Thor’s Hammer

Last week a friend sent a piece to me, “Thor’s Hammer: A Requiem.”  It’s a story about an F-105, ship number 62-4246.

I just love stories like this, even today.  I can sit here, and feel adrenalin releases as I read the descriptions of the walk-around, the engine start, taxi and takeoff.  Although I never flew the “Thud,” I know what it must have been like, after takeoff.  Check the engine instruments, look for Lead, rejoin and pull the seat cushion out of your ass!  Heavyweight, hot temperature at Korat, heading to “Pac 1” (Hanoi) – any surprise here?  Oh well, back to my easy chair now…

Toward the end of the story the author describes the final moments of a fictional flight unto initial at Davis-Monthan AFB, AZ (D-M).  “246,” as the author refers to this particular Thud, survived the war, only to end up somewhere on a scrap heap.  He felt a more fitting end to ‘her,’ would have been a final resting place at” the Boneyard,” at D-M.  And, of course, he flies ‘246’ on her final flight…

“Of course, a good solid 4-G pitchout to downwind from a 500 knot initial approach would be in order for the last overhead traffic pattern.  To hell with it, make it 650 knots! In for a penny, in for a pound!  Stay just under the mach so I wouldn’t end up in jail for destroying the place with a sonic boom…”

On 15 July 1988, I had my “fini flight,” in a T-38A, at Randolph Field, TX.  I flew with Lt. Col. Rick Lanier in the backseat, Maj. John (Dobie) Gillis and Sq. Ldr. Bill Hartree in the other aircraft.  I would have loved to have hit initial at 650 knots, but we were out of gas!
If someone hadn’t been behind us, I would have flown at ‘max endurance’ to conserve fuel!  As it was, I shut down with just over 600 pounds of fuel – our minimum.  (About 6 weeks earlier, the ADO (Assistant Director of Operations) had checked my fuel upon landing.  He then collared me at the Auger Inn, the bar, and wanted to know why I landed with 620 pounds of fuel remaining.  I told him that 600 pounds was our minimum fuel for landing, otherwise I would have done another touch-and-go… That pissed him off because there was noting he could do about it.  It’s not paranoia when “they” are really after ya!)

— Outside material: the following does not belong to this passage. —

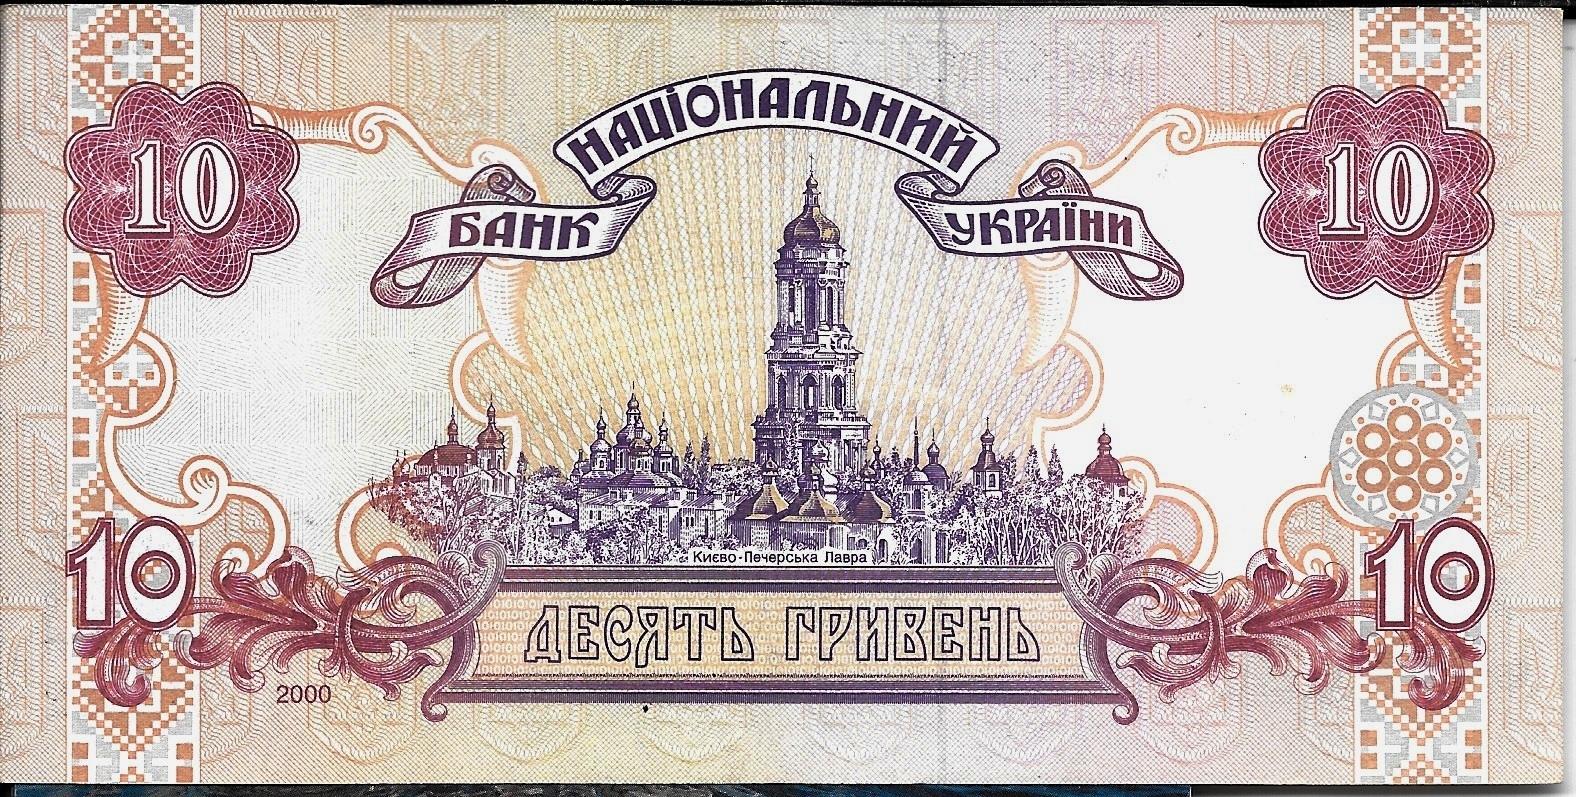 5гривен 2000гльвовский театр + 2600л керчь до 12062012г - 3jpg 13429 кб просмотров: 76

Later in the Thud driver’s story he says, “Approach Control would already be on the phone to the Airdrome Officer, making note of the speed violation to be filed.  Screw ’em.  The plastic colonels who would revel in violating this rogue pilot’s transgression didn’t matter. (Exactly!)  Neither would a violation matter.  Thor’s Hammer’s last traffic pattern would not be one of the post-modern era, but from another day, now far int he past when airplane and pilot were at the top of their game.  Anything less could not be done or would not be acceptable.  To wimp out at this point would result in a well-deserved chorus of, ‘You don’t have a hair on your ass!’ rising from legions of Thud drivers living and dead.”  Man, can I relate!  (More adrenalin, if I could only get this easy chair up to 125 knots or so, I could rotate…).

One other “fini-flight” I flew comes to mind here this morning – that of Captain Gregg Davis’.  I was on Gregg’s wing that morning, on initial.  And we were ‘out of gas.’  I was “really” out of gas.  So when Gregg pitched out, I went with him instead of delaying 4 seconds as we usually did.  I would have like to have waited 4 seconds, but I just didn’t have the gas.  I just “floated” the pitch-out a little wide for spacing.  As Gregg turned final, someone in the tower called and asked me if I knew how close I was to Lead.  From where the tower was on the field, I would have “looked close.”  I responded that there was a fully-qualified T-38 IP at the controls, and that everything would work out.  And wouldn’t ya know, it did work out.  Amazing what an aviator can do when he has to “improvise.”  I’m just glad the “ADO Nazi” wasn’t there that day!

And now it’s time for me to unstrap from my easy chair here this morning, and feed the chickens… crap.